7.carefully remove round, measure COL with caliper.

if bullet gets stuck in the throat push it out with a cleaning rod and tighted neck tension.

8.chamber the round 4 or 5 times, use different bullets and cases and average the COL. plastic tip bullets will usually be within .010. its not bench rest accuracy, but more than good enough for hunting and informal target.

once you get your COL to the lands subtract .030" for 6mm and larger and .015 for smaller than 6mm. as a guide line, you may have to adjust it to fit in the magazine. remember the shell you are measuring with will be to the rifling lande, you should seat deeper to reduce the chance of pressure spikes.
 
There is a world of difference between hunting ammo and match ammo. When you assemble hunting ammo, functioning trumps accuracy. You must choose a bullet with predictable terminal performance, in a shape which is appropriate for the range you anticipate shooting, and load that bullet to a velocity which is within that bullet's design limitations. The cartridges must feed easily through the magazine, and must chamber without undue effort. The rifle must fire every time you press the trigger. Your choice of primer, powder, powder charge, and OAL must be made with reliable functioning as the main criteria. Compressed loads which can push bullets out over time resulting in difficult chambering should be avoided. Neither can you risk seating bullets long only to have the bullet stick in the throat of the chamber and dump powder into your action when you attempt to unload. If your cartridge fails any where down the line it could cost you your animal. If you are hunting something which is scratchy or nasty you could have bigger problems.
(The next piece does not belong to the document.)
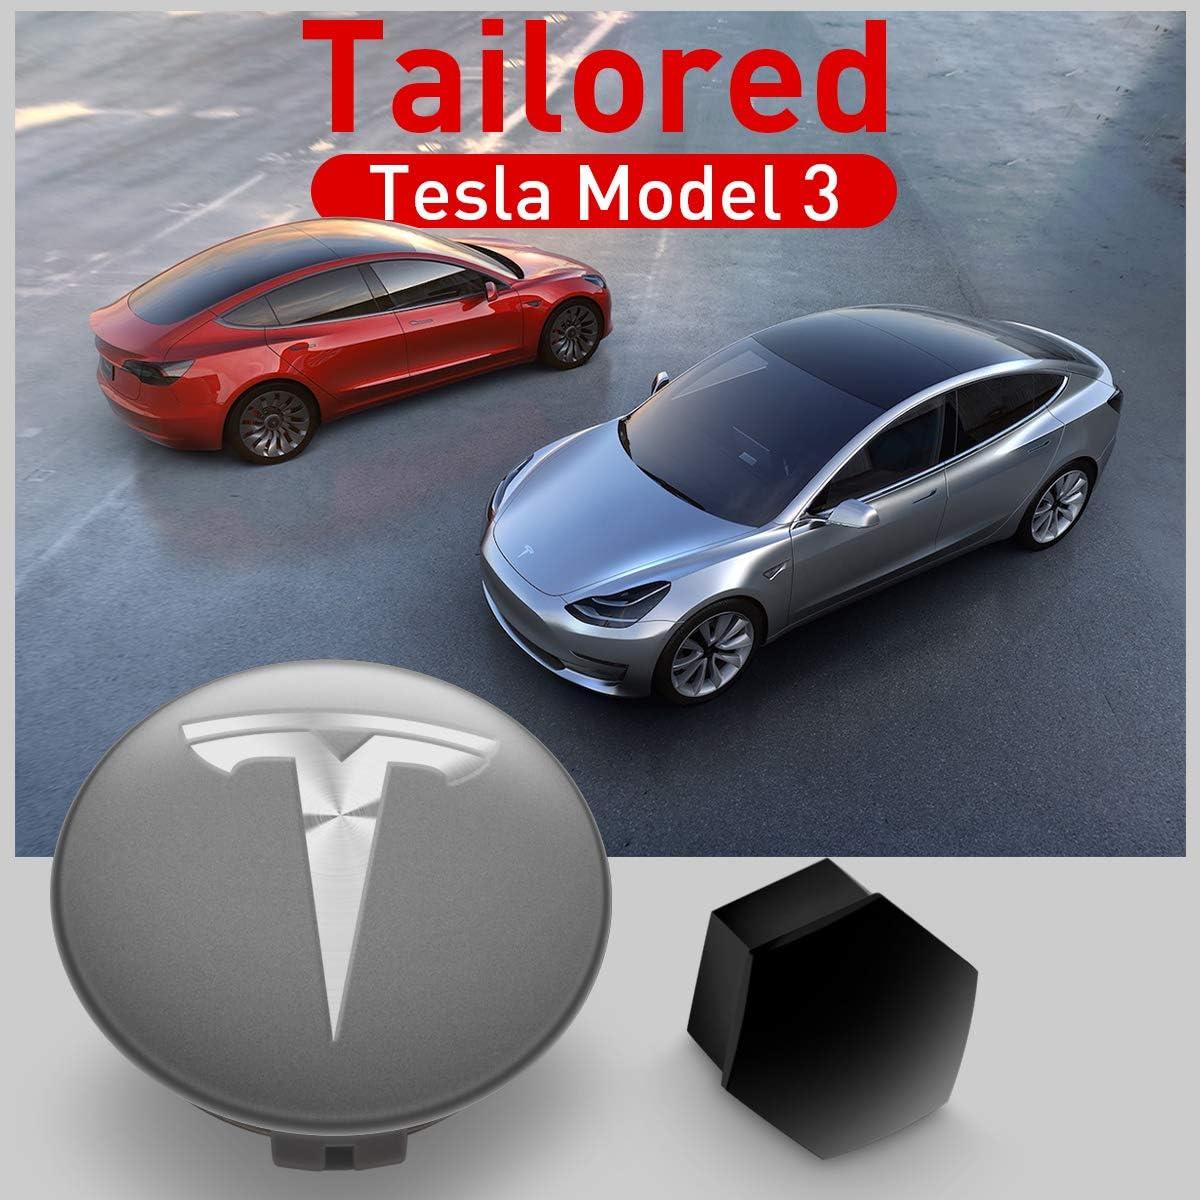 Kfzman Model 3 Radkappe Kit Radnabenabdeckung Kit Mit Logo Für Tesla Model 3 2017 2021 Chrom 25stücke Auto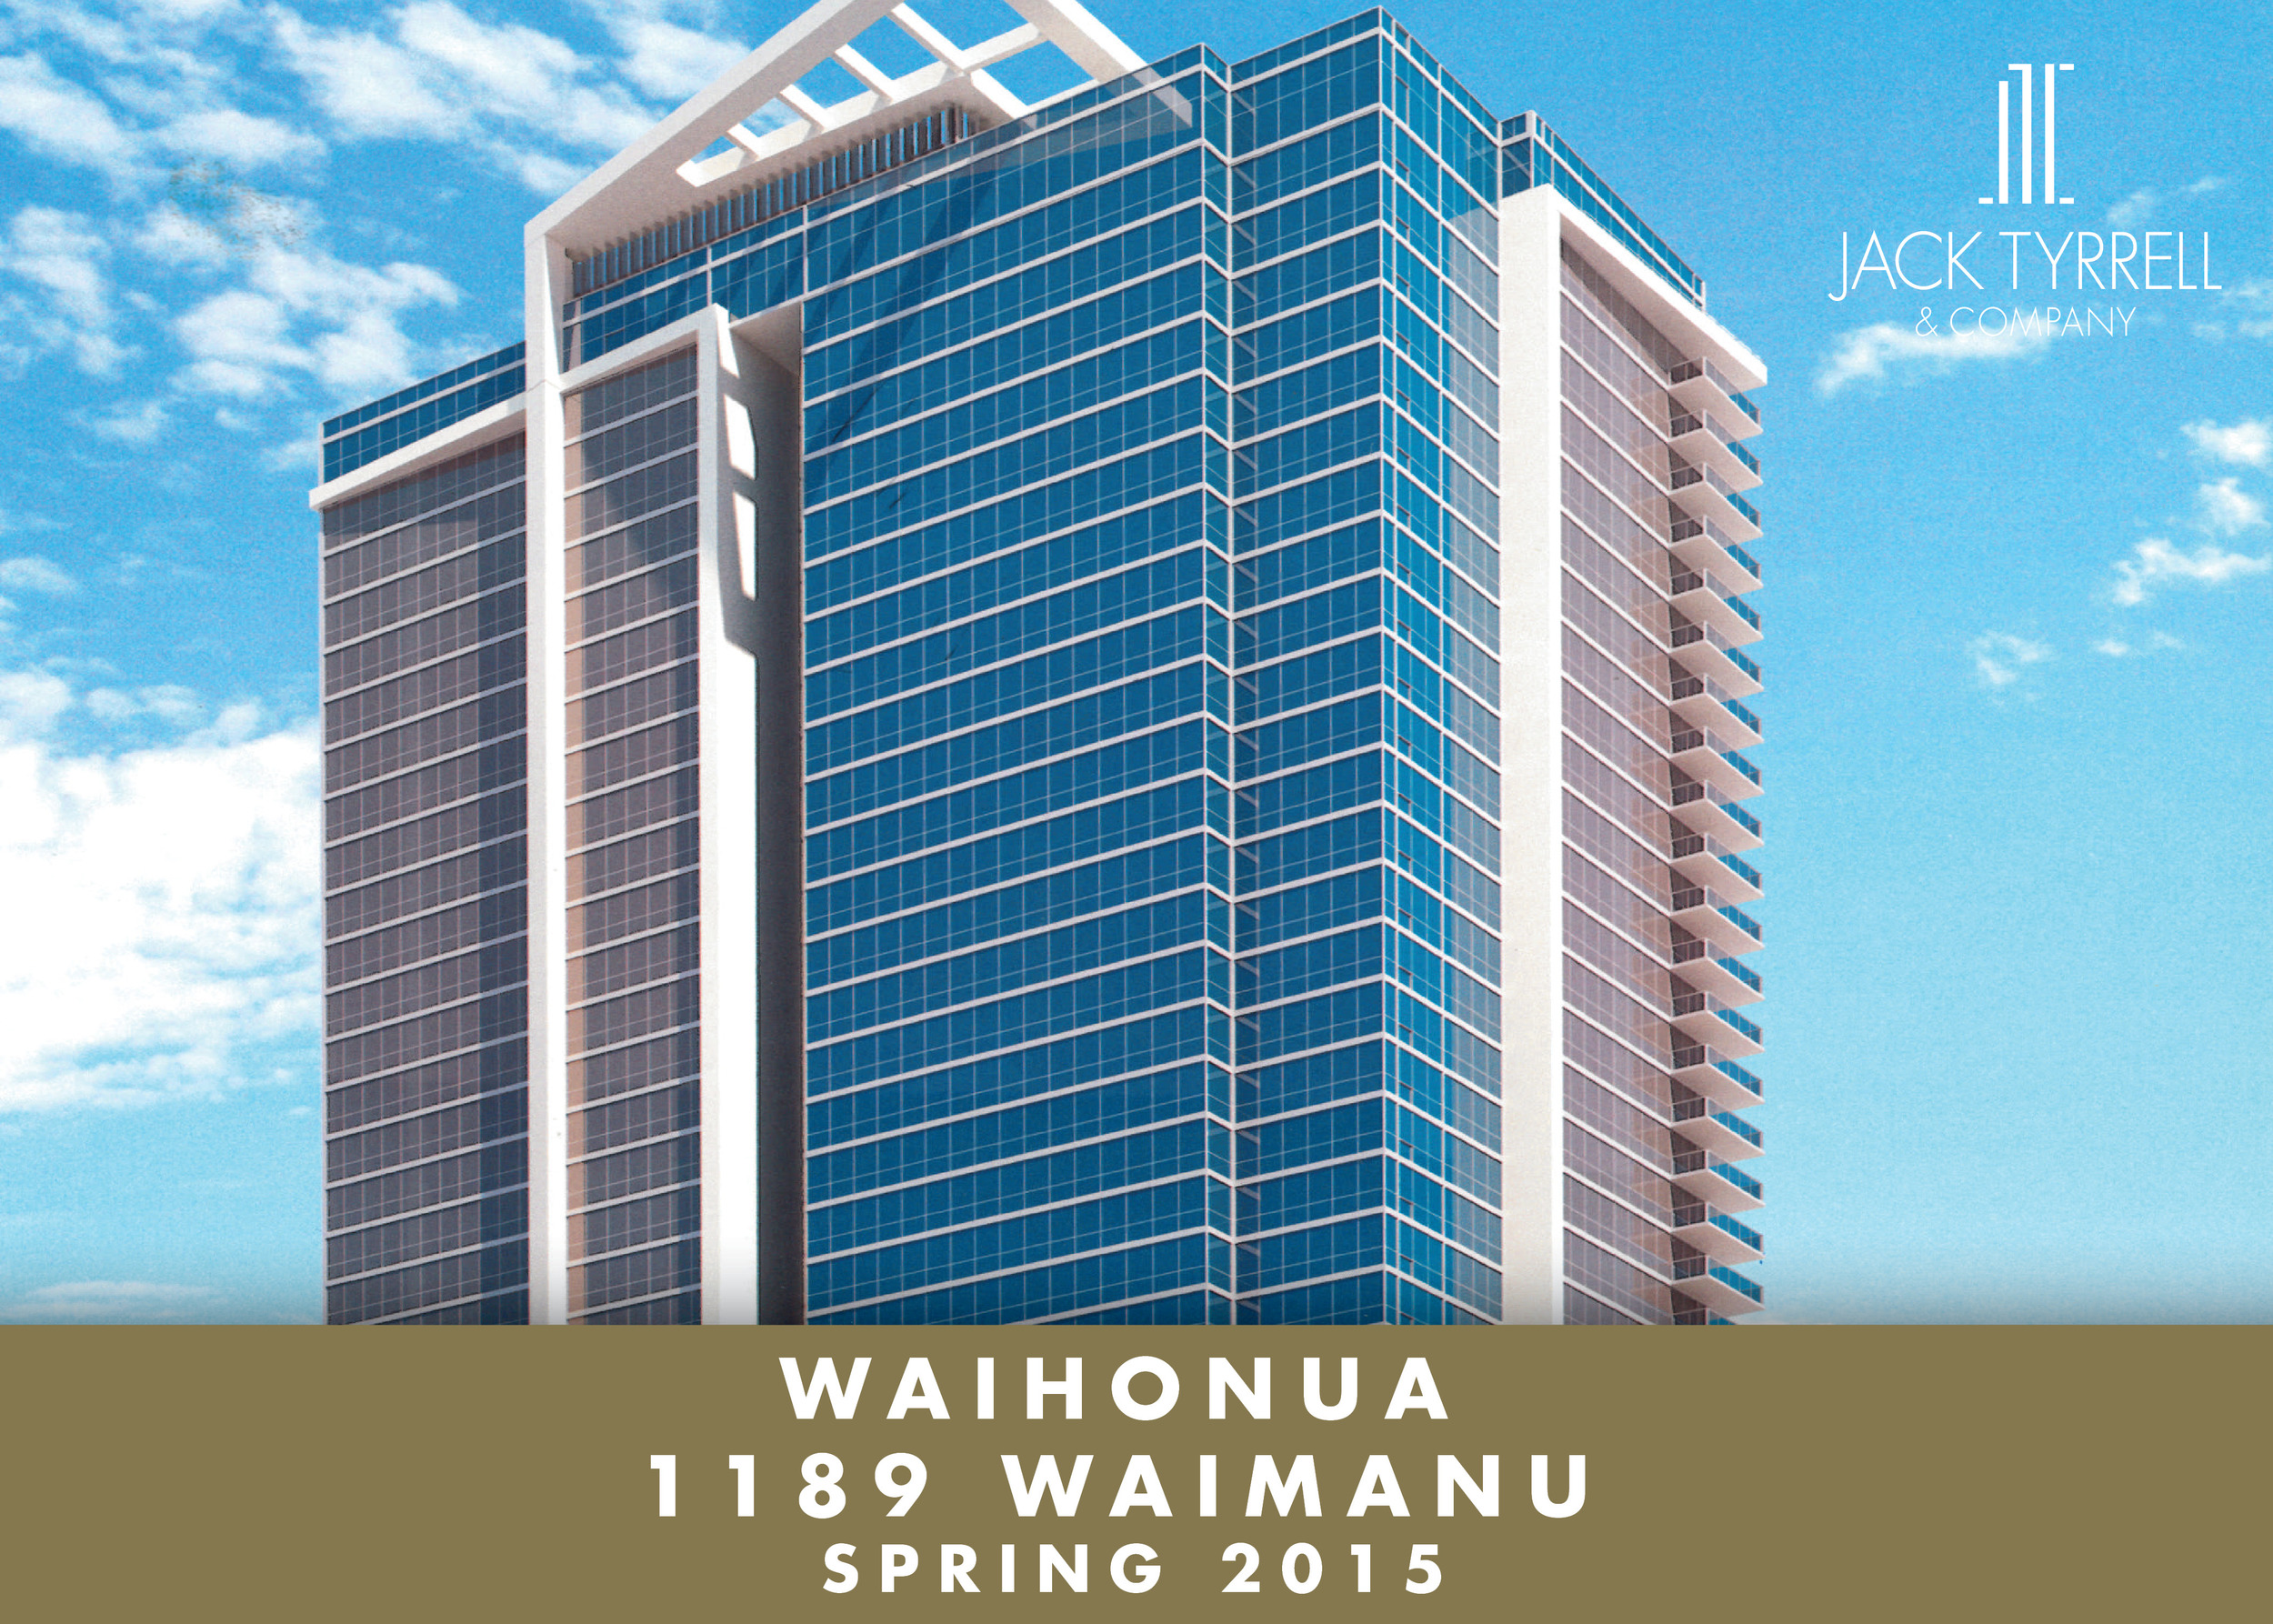 Waihonua - Completion Spring 2015

Match ammo must be made with every effort to minimize tolarances between cartridges. Cases need to be painstakingly prepped to so they are clones of one another. OAL is critical to achieve the optimal distance from the ogive of the bullet to the rifling. Bullets must be seated as straight as the limitations of one's equipment allow. Primers which create a suitable flame for ignition should be chosen over those which are unnecessarily disruptive. Powder must be chosen within specific burning rates closely reflecting the cartridge size and bullet weight.

When we try to make our hunting ammo too accurate or make our match ammo too powerful, we create problems for ourselves.